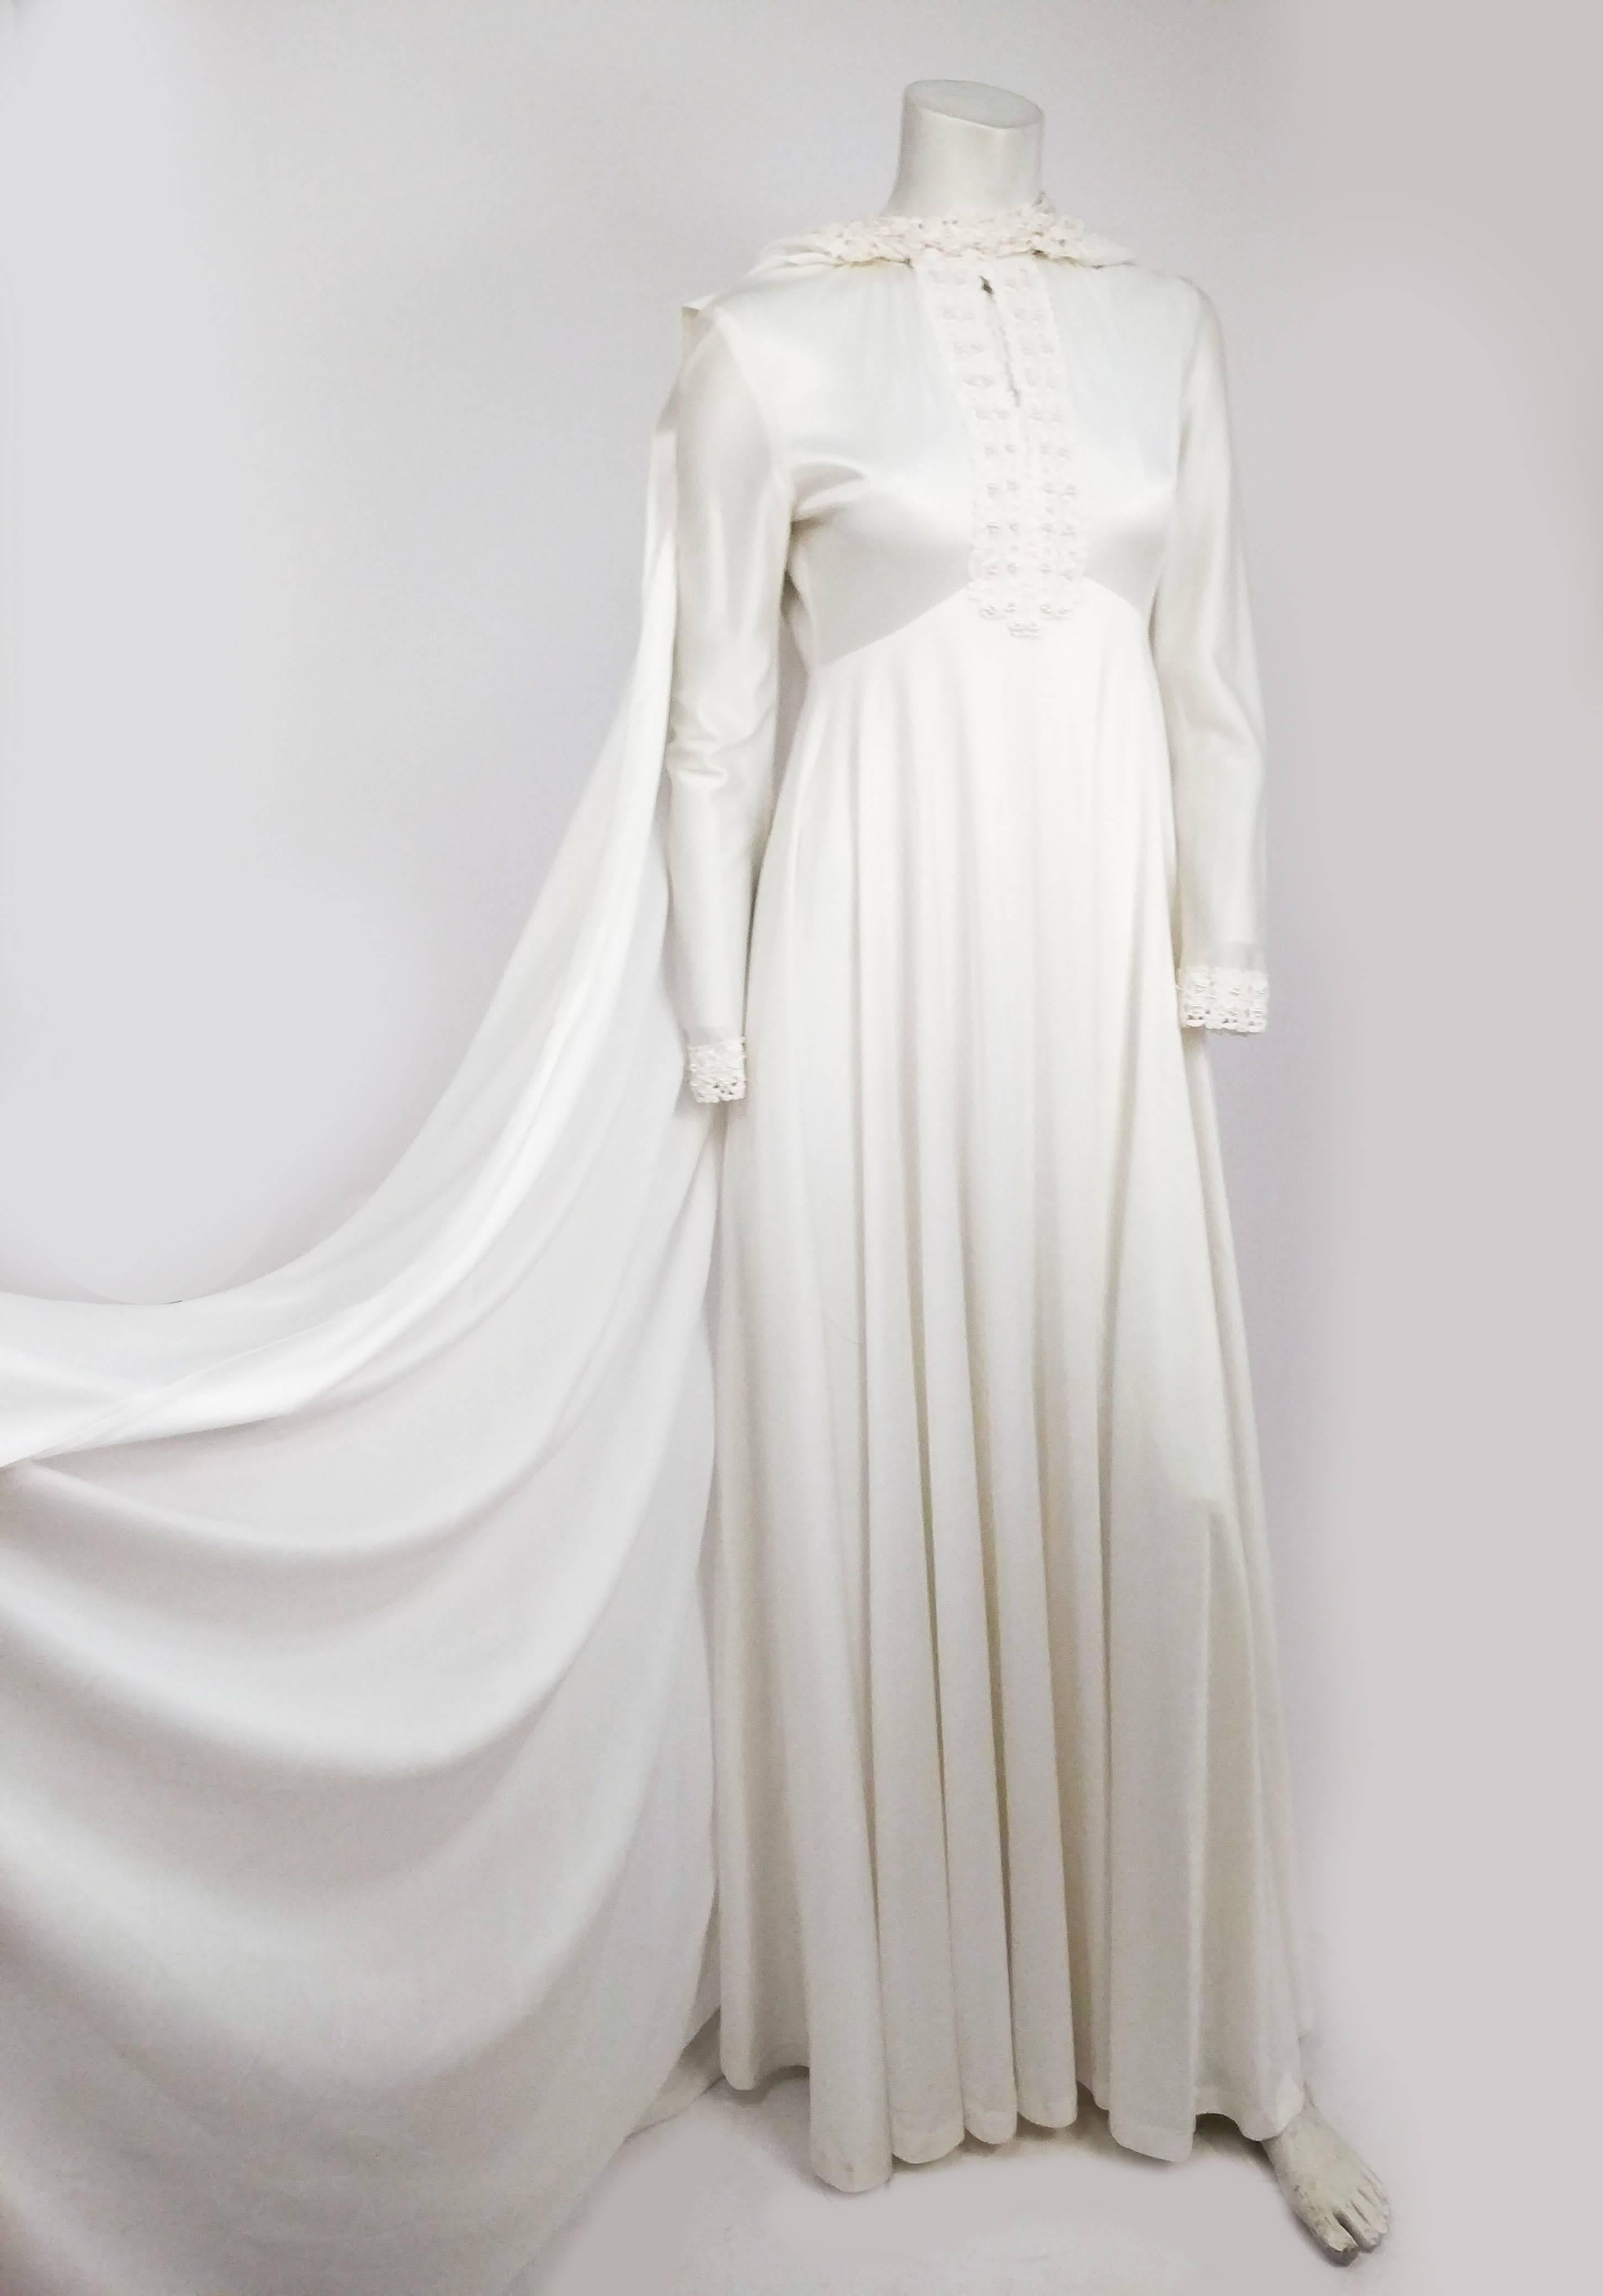 1970s White Maxi Dress w/ Hood & Cape. Angelic 1970s jersey dress with lace collar and detectable hood which hooks onto collar with hooks and eyes. 
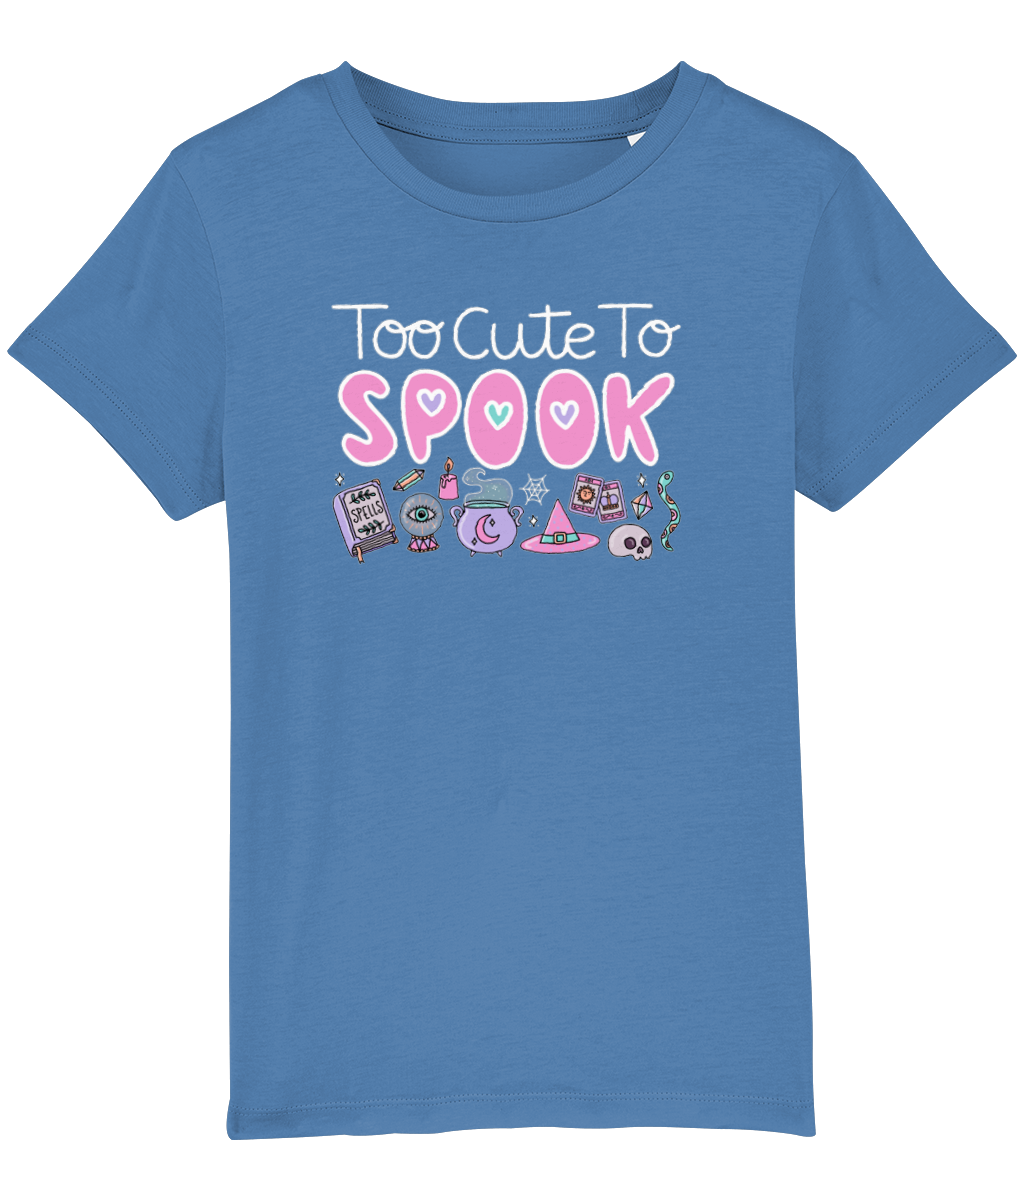 Spellbound Kids T-Shirt - Too Cute To Spook
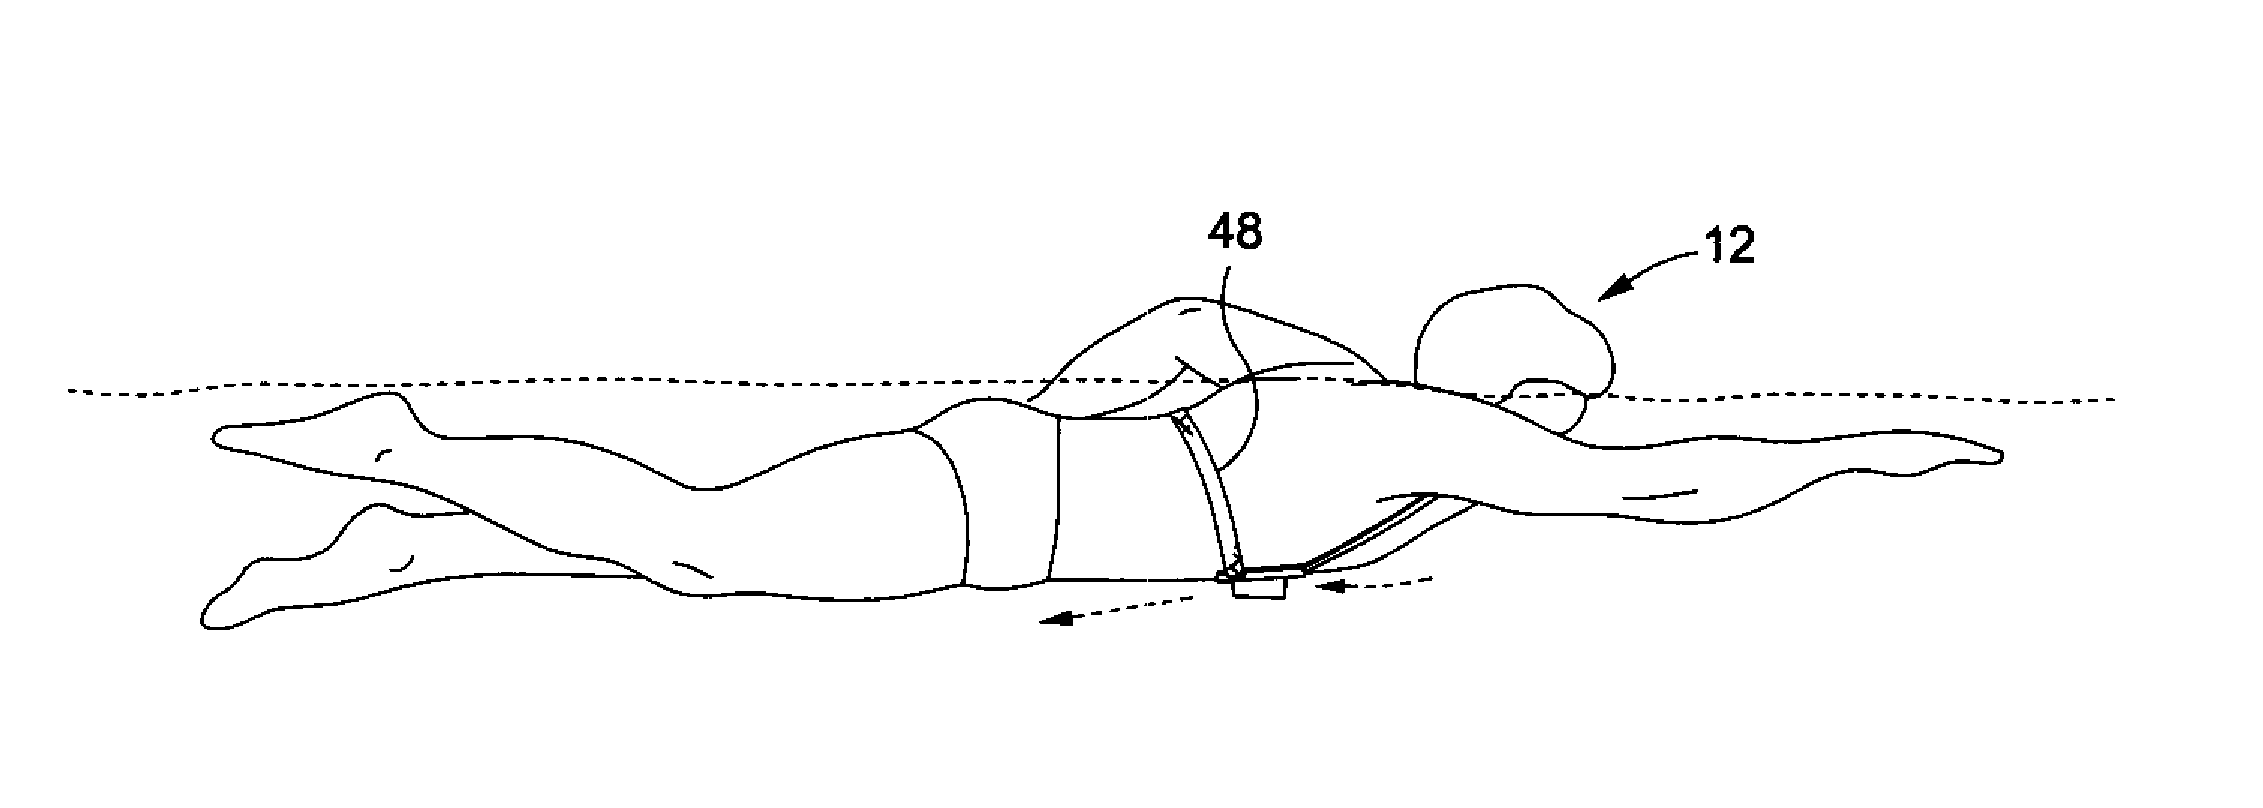 Auditory feedback device and method for swimming speed
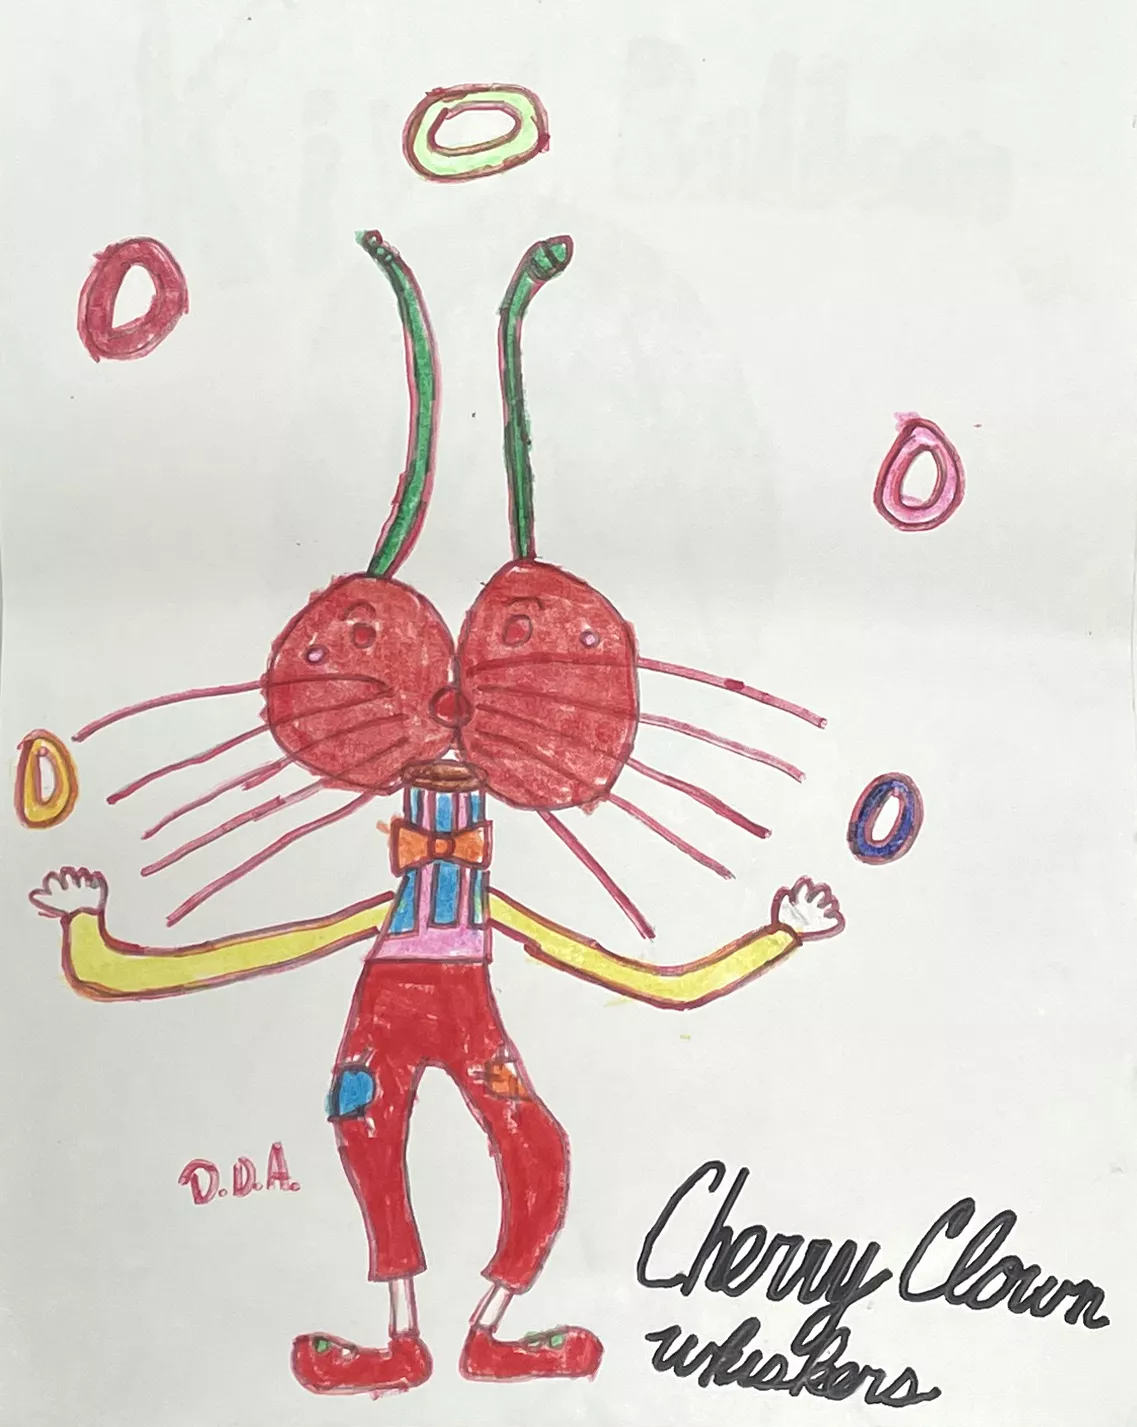 Darran Daughty Cherry Clown Whiskers, 2021 Sketchbook drawing of a clown with two cherries making their head and long whiskers from their cheeks. The drawing includes the text Cherry Clown Whiskers.  Marker and colored pencil on paper, 14” x 11”

Your instructions -
Whenever images occur above, omit them and retype each line exactly as it stands.

Answer section -
 1970s White Maxi Dress w/ Hood & Cape. Angelic 1970s jersey dress with lace collar and detectable hood which hooks onto collar with hooks and eyes. 
 Spellbound Kids T-Shirt - Too Cute To Spook
 Auditory feedback device and method for swimming speed
 Darran Daughty Cherry Clown Whiskers, 2021 Sketchbook drawing of a clown with two cherries making their head and long whiskers from their cheeks. The drawing includes the text Cherry Clown Whiskers.  Marker and colored pencil on paper, 14” x 11”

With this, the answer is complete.